Мы с Дали изучили партитуру и принялись создавать на­стоящую музыкальную драму в стиле великих религиозных ху­дожников. Мы задумали решить «Саломею» как своего рода триптих. Центральное место декораций, выстроенных симмет­рично, занимала полуразрушенная каменная плита (мы предста­вили себе, что когда-то тут мог быть алтарь), которую мы по­местили в скале на переднем плане, в «акустическом центре» сцены Ковент-Гарден. Место для выхода Саломеи расположили в глубине сцены. Традиционно она появляется из боковой ку­лисы, у нас же она возникает в центре. Нас могут обвинить в эпатаже, мы же думаем, что так — просто более выразительно. Сбоку от плиты спускаются ступени. Когда выходит Йоканаан, он становится на эту плиту, позже Саломея в эротическом эк­стазе ложится тоже на эту плиту. Когда она танцует, вся кон­струкция декорации смотрится, как огромная чаша, под которой находится в заточении Йоканаан. Когда его убивают, на камне проступает кровь. Тут же будет суждено упасть замертво сра­женной Саломее.

Центральная платформа отведена протагонистам. Она приподнята для того, чтобы голоса звучали лучше и могли про­рваться сквозь невыносимо громкий оркестр. Платформа эта минимальных размеров, потому что мы старались уберечь пев­цов от лишних движений. В своих фантастических костюмах они должны принимать условные позы и выражать драму с помощью своих самых выразительных инструментов — голосов. Певцы не должны танцевать в прямом смысле этого слова, они могут лишь обозначить танец, главная же роль здесь отводится ор­кестру. Тут важно создать иллюзию танца.

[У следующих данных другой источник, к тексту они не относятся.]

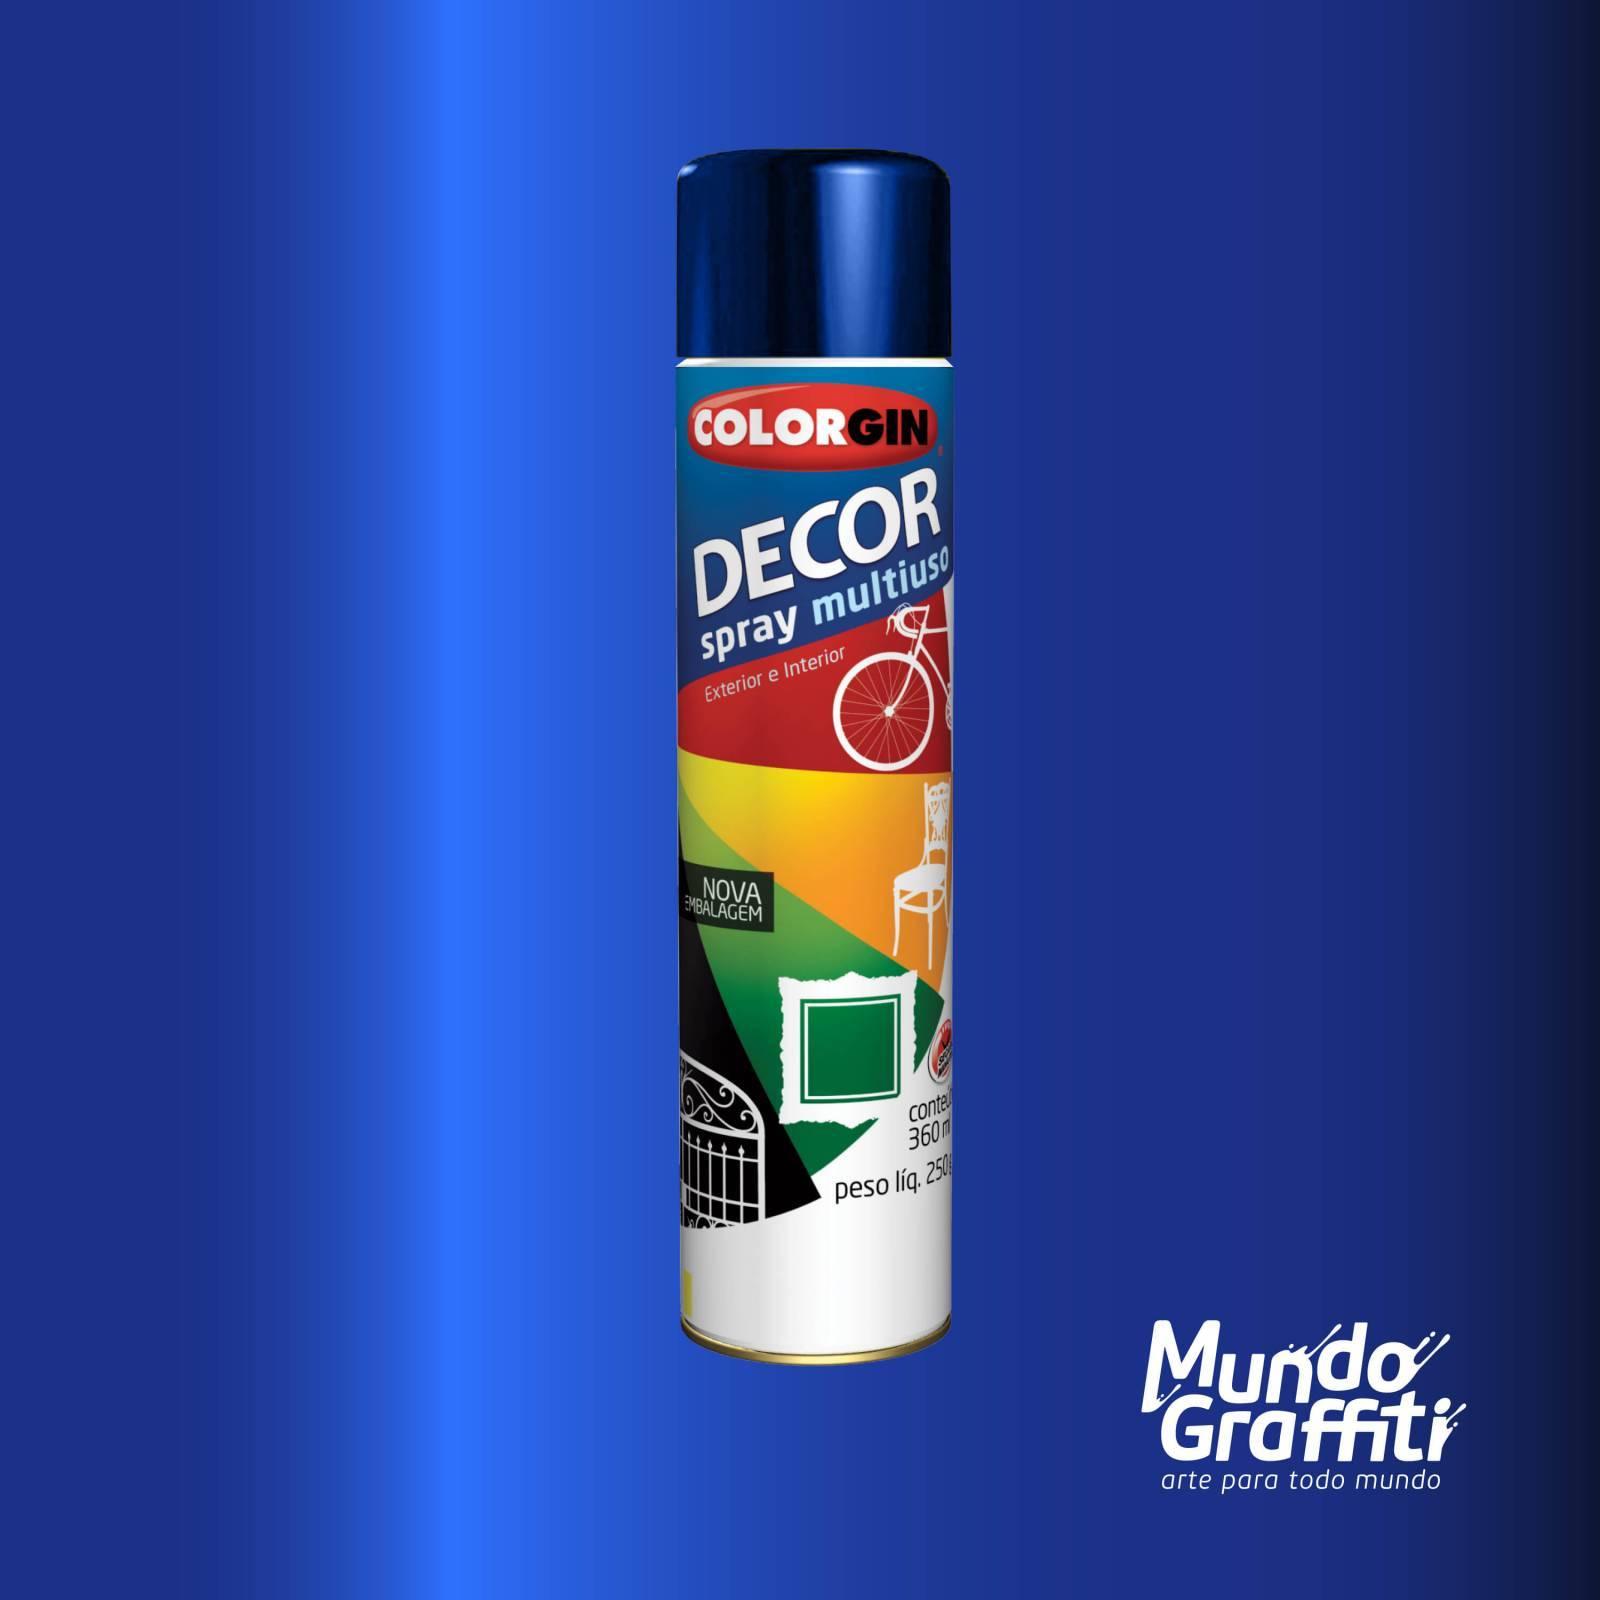 Tinta Spray Colorgin Decor 8601 Azul Angra Metalico 360ml - Mundo Graffiti

Художественная фантазия и воображение — главное в те­атре, в том числе и оперном. Вот поднимается занавес и на сцене — вздымающиеся крылья какой-то хищной птицы, паря­щей в лунном свете; гигантский хвост павлина, который раск­рывается, как только начинается танец, — все это образы упа­дочной роскоши царства Ирода. Достаточно нескольких таких ярких образов на протяжении девяноста шести минут оперы, чтобы зритель погрузился в странный мир Уайльда — Штрауса и уловил самую суть трагедии.

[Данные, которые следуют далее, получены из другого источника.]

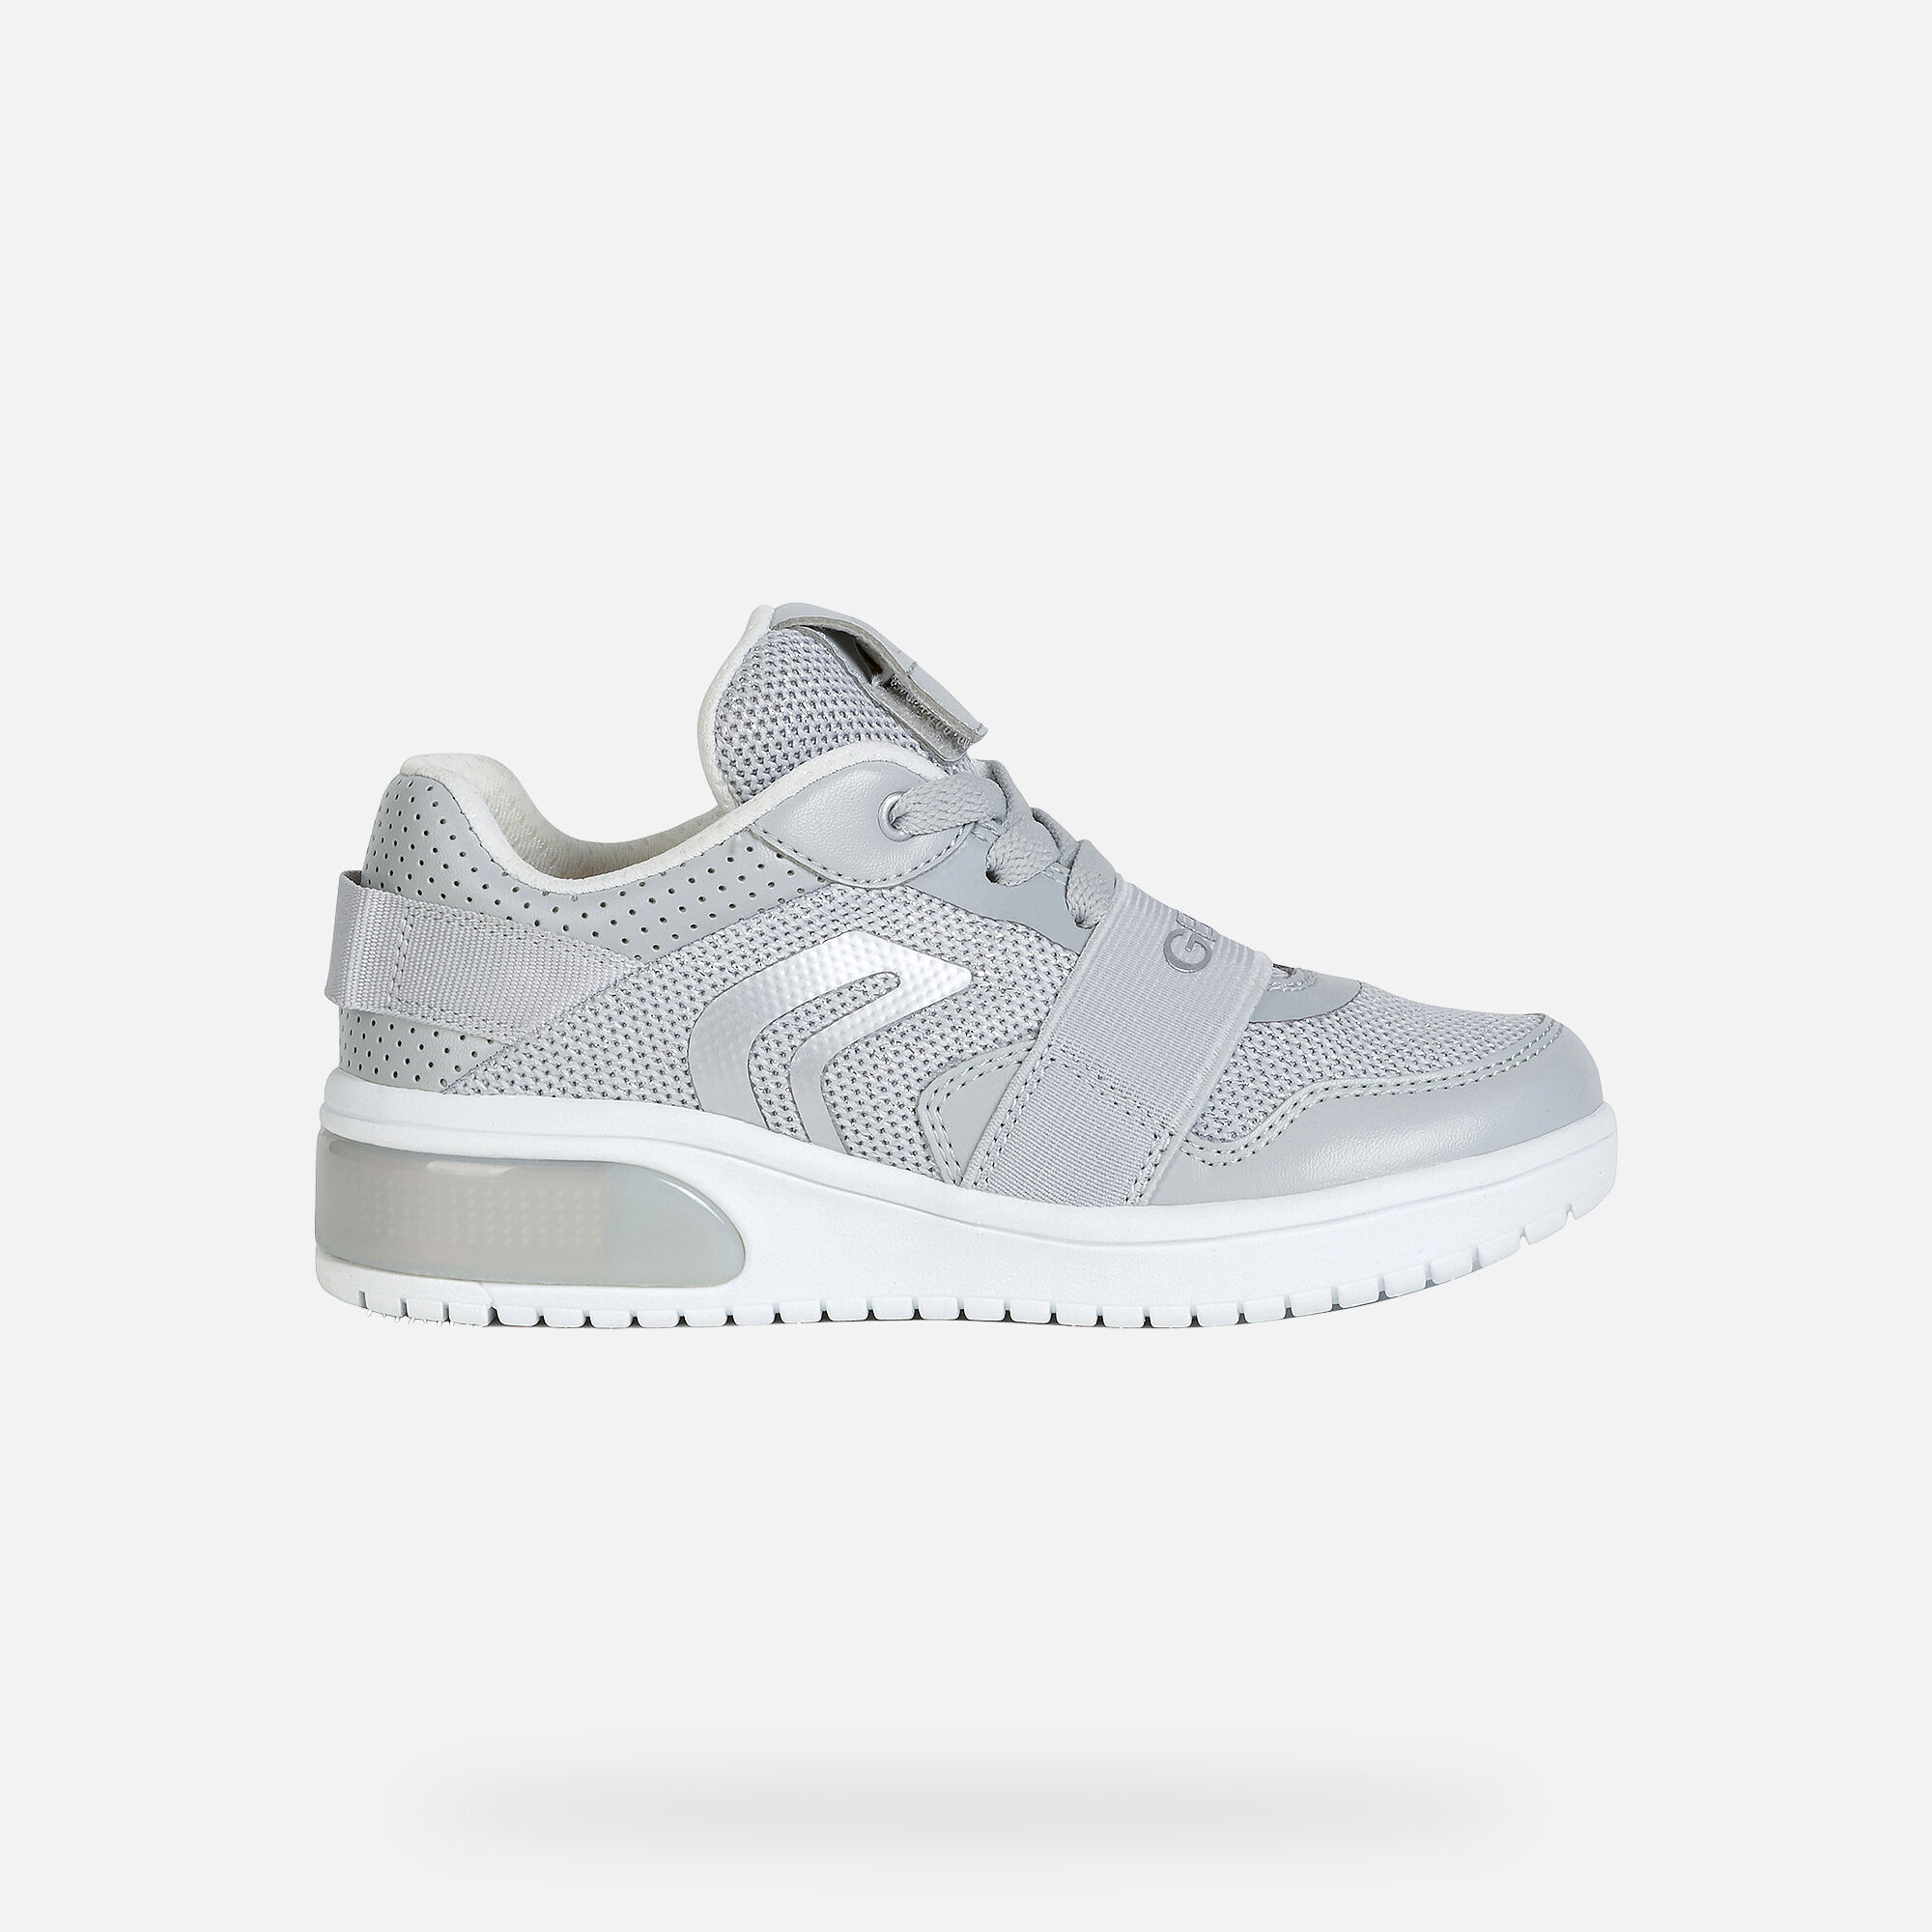 Geox XLED Bambina: Sneakers Grigio chiaro | Geox SS20

Мы пытаемся уйти от традиционных решений в этой «Са­ломее» только для того, чтобы максимально выразительно зву­чала музыка. Здесь певцы оказываются в более выгодных акус­тических условиях, чем в традиционной постановке. Поместив на переднем плане группу иудеев — по одну сторону, назаретян — по другую, Ирода — на приподнятой платформе в центре, мы добились более сильного музыкального эффекта, чем это обыч­но бывает. В этом спектакле есть драматизм, внешняя эксп­рессия, и вместе с тем певцы тут остаются певцами, не пре­тендуя на то, чтобы быть актерами, танцорами или кем-то еще.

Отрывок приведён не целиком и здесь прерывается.